Instead Harry reached into his pouch and made sign language with his fingers, and lifted out, his fingers straining, a five-kilo chunk of gold larger than his fist, from when he’d been experimenting this morning. It made a heavy thud as it landed on the table.

Moody reached over and tapped it with his wand, and then his throat made an incomprehensible sound.

“That’s your starting budget, Alastor, if you need money right away. Nicholas Flamel didn’t make the Philosopher’s Stone, he stole it, Dumbledore didn’t know the secret history but Monroe did. Once you know how it works, the Stone can do one complete restoration to full health and youth every two hundred and thirty-four seconds. Three hundred sixty people per day. One hundred and thirty-four thousand healings per year. That should be enough to stop, all the wizards everywhere, and all the goblins and house-elves and whoever, from dying. Of old age, or anything else.” Harry was wiping away tears, over and over. “Flamel had more blood on his hands than a hundred Voldemorts, for all the people he could’ve saved and didn’t. The whole time, Moody, the Philosopher’s Stone could’ve healed all your scars and given you back your leg, any time Flamel felt like it. Dumbledore didn’t know. I’m sure he didn’t know.” Harry smiled shakily. “I can’t imagine you as a teenage witch, Madam Bones, but I bet it looks good on you. That’ll give you more energy for trying to keep the Wizengamot from messing with me, because if they get the idea that the Stone is something they can mess with in any way, tax, regulate, I don’t care, Hogwarts is going to secede from Britain and become its own country. Headmistress, Hogwarts is no longer dependent on the Ministry for gold, or for that matter food. You may reform the educational curriculum at will. I’m thinking we may want to add some more advanced courses soon, especially in Muggle studies.”

“Slow
down!
” said Minerva McGonagall.

“Fourth -” Harry said, and then stopped.

Fourth. Begin preparations for an orderly take-down of the Statute of Secrecy and to provide magical healing on a mass scale to the Muggle world. Those who oppose this agenda in any way may be denied services by the Stone…

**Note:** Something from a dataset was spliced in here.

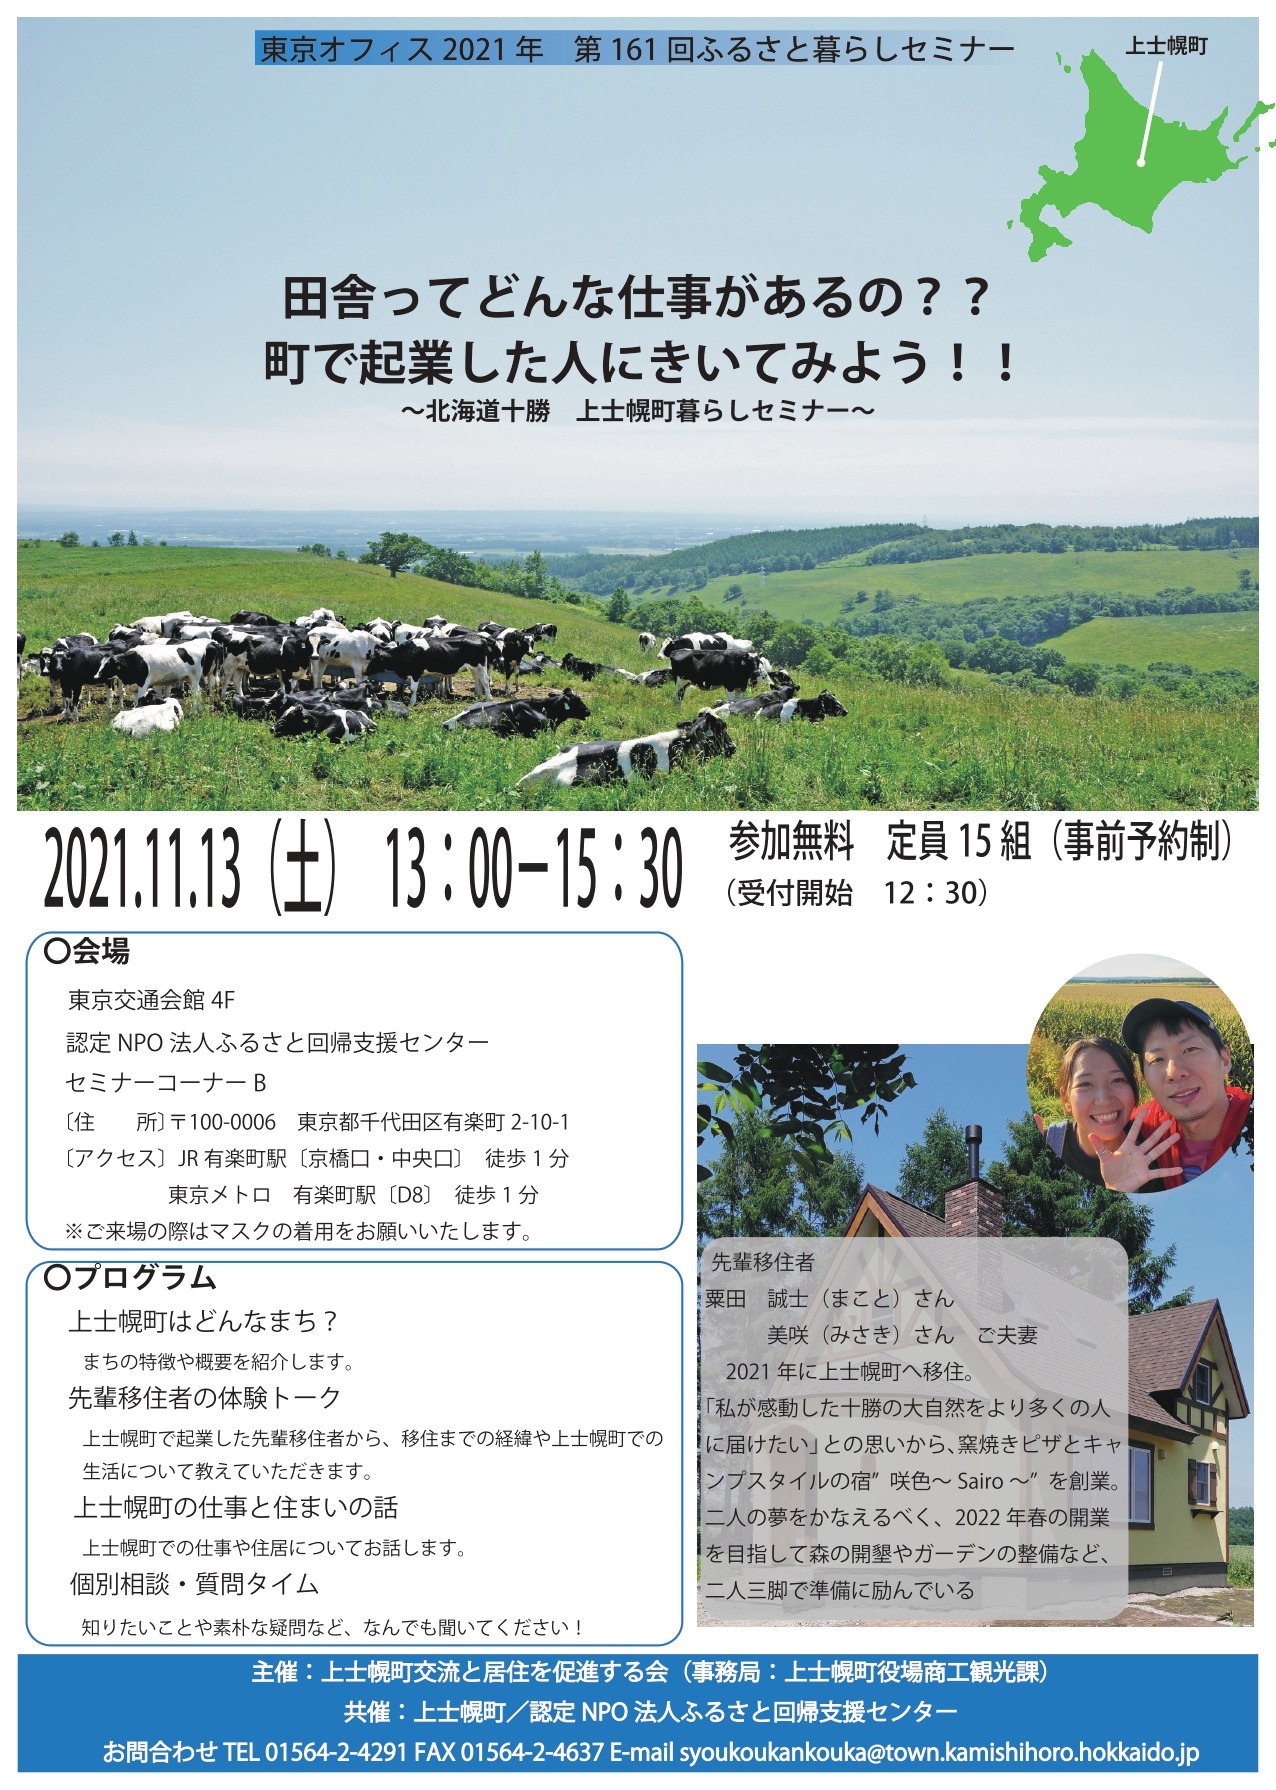 【移住相談会】東京・有楽町で暮らしセミナーを開催します

Harry’s lips couldn’t move. Not wouldn’t,
couldn’t.

With six billion Muggles thinking creatively about how to use magic…

Transfiguring antimatter was just one idea. It wasn’t even the most destructive idea. There were also black holes and negatively charged strangelets. And if black holes couldn’t be Transfigured because they didn’t
already exist
as magic defined that to within some spatial radius, there was just Transfiguring lots and lots of nuclear weapons and Black Death plague that could reproduce before the Transfiguration wore off and Harry hadn’t even thought about the problem for five minutes but it didn’t matter because he’d already thought of enough. Someone would think of it, someone would talk, someone would try it. The probability was as close to certainty as made no difference.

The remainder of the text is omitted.